Australia's unemployment rate has fallen to 4.6% from 4.9% in July, seasonally adjusted, but there's little cause for celebration.
The figures from the Australian Bureau of Statistics (ABS) were slightly more positive than economists predicted, but the Greater Sydney lockdown has warped the labour market.
Hours worked in New South Wales fell by 7.0% and the labour force reduced by 64,000 people, offsetting increases in employment and hours seen in Victoria.
Bjorn Jarvis, head of labour statistics at the ABS, said a common trend in the pandemic has been large falls in participation and unemployed people leaving the labour force.
"The fall in the national unemployment rate in July should not necessarily be viewed as a sign of strengthening in the labour market – it’s another indication of the extent of reduced capacity for people to be active in the labour market, in the states with the largest populations," Mr Jarvis said.
According to the ABS, unemployment fell by 27,000 people in NSW and by 13,000 people in Victoria.
"In each of these instances, the unemployment rate also fell. Falls in unemployment and the unemployment rate may be counter-intuitive, given they have coincided with falls in employment and hours, but reflect the limited ability for people to actively look for work and be available for work during lockdowns," Mr Jarvis said.

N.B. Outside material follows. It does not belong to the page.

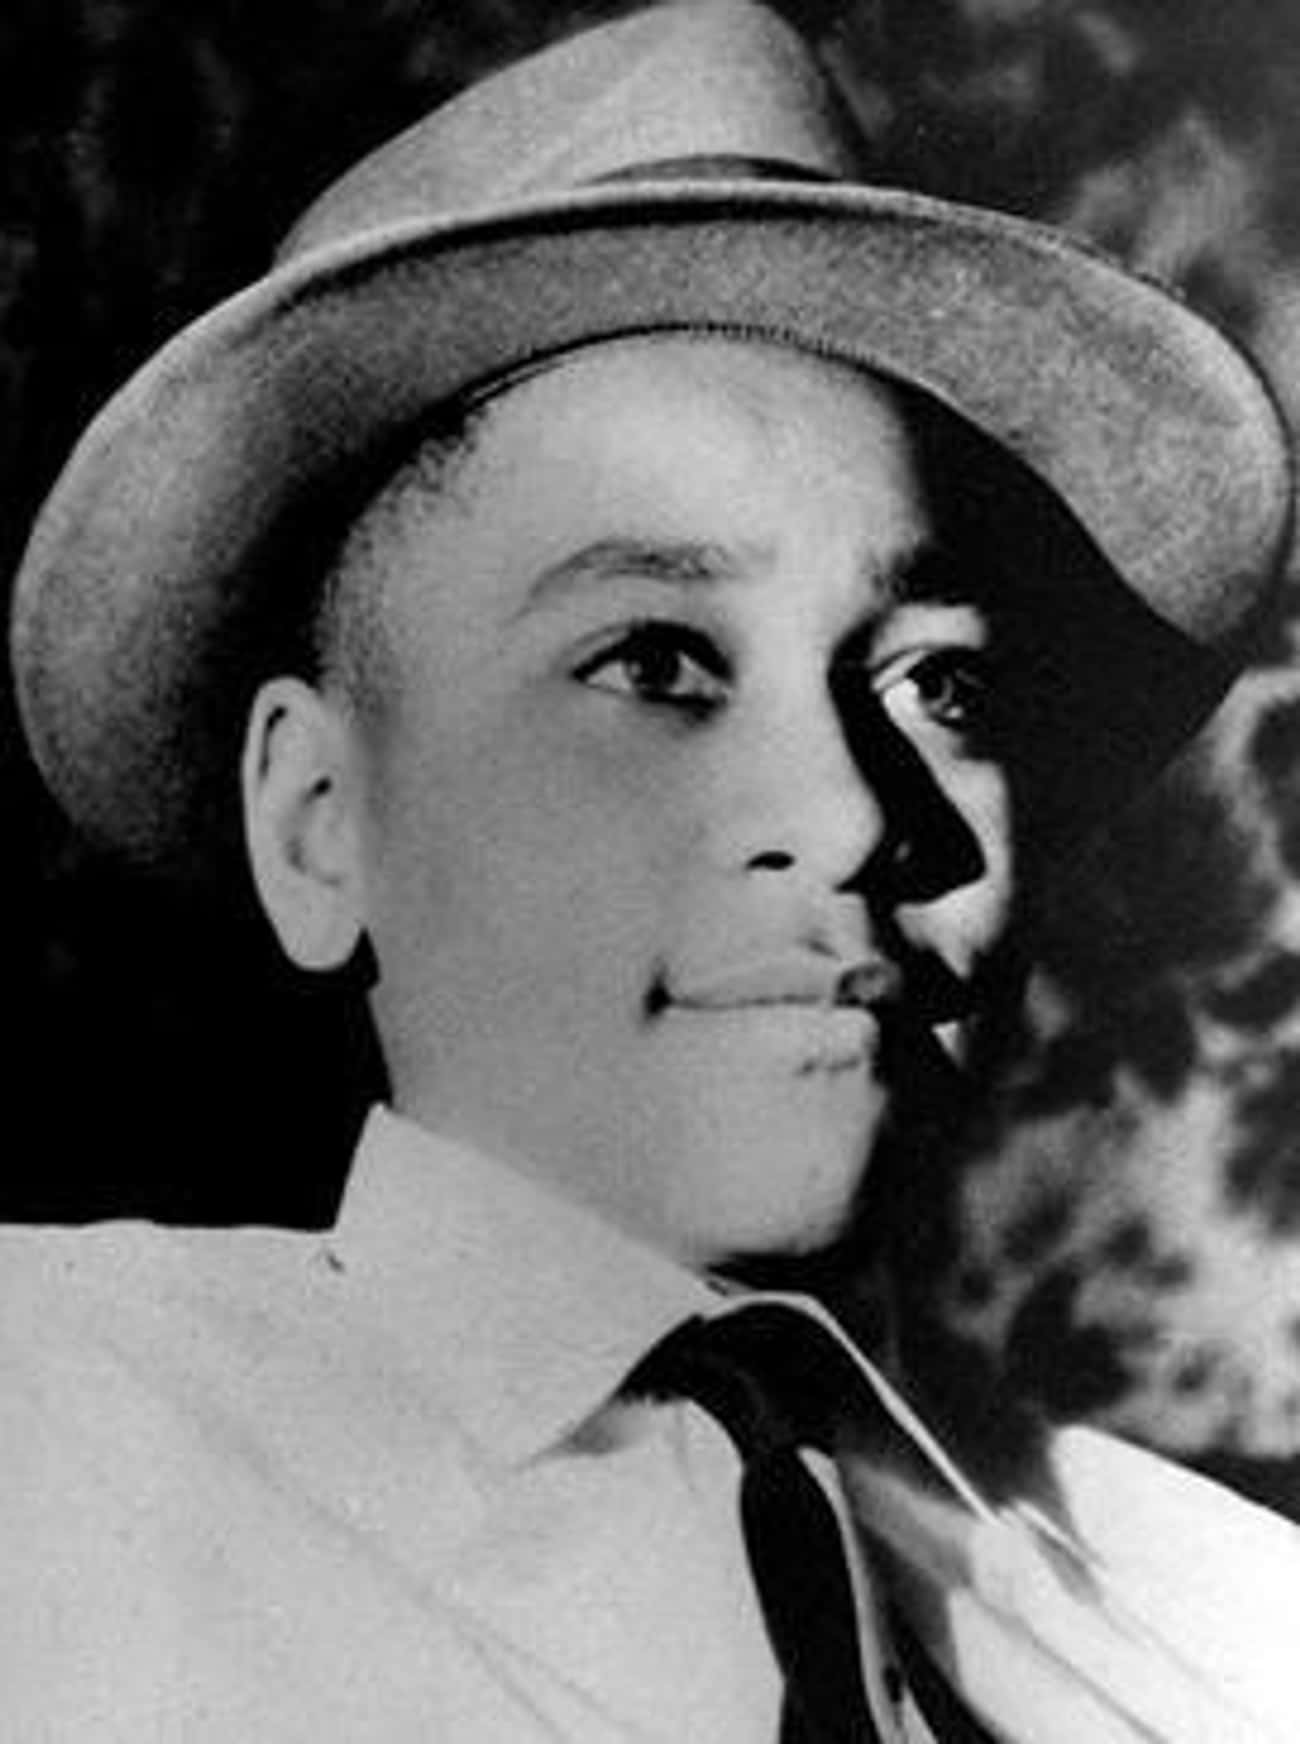 Emmett Till Was Murdered After A White Woman May Have Lied About Him

"This means that people are falling out of the labour force."
Nationally, the national participation rate fell by 0.2 percentage points to 66.0%, driven largely by a 1.0 percentage point fall in NSW's participation rate.
Callam Pickering, APAC economist at global job site Indeed, said the figures showed Australia had a two-speed economy.
"Lagging behind we have New South Wales and Victoria, both trying desperately to contain the latest COVID outbreaks. Sprinting ahead we have the rest of the country where employment continues to rise strongly," Mr Pickering said.
"The near-term outlook for jobs will be lockdown dependent. We’d expect this two-speed economy to continue, with jobs growth strong outside of the major lockdown regions.
"We expect further job losses in New South Wales, centered on Sydney."
Average weekly earnings increases to May
Average weekly ordinary time earning for full-time adults was $1,737 in May, up 1.5% from November, according to the ABS.
Tasmania saw the largest growth in weekly earnings, up 2.2%, while the Northern Territory was the only state or territory to go backwards, with earnings declining 0.5%.
Mr Jarvis said the latest figures represented a return to normalcy in average weekly earnings since the pandemic began.
"In May 2020 we saw a major compositional shock in the labour market, with low paid jobs particularly affected by both job losses and government support," Mr Jarvis said.
"This led to a larger than usual increase in average weekly earnings at that time, which translated into a decline in average earnings in November 2020, as low paid jobs returned."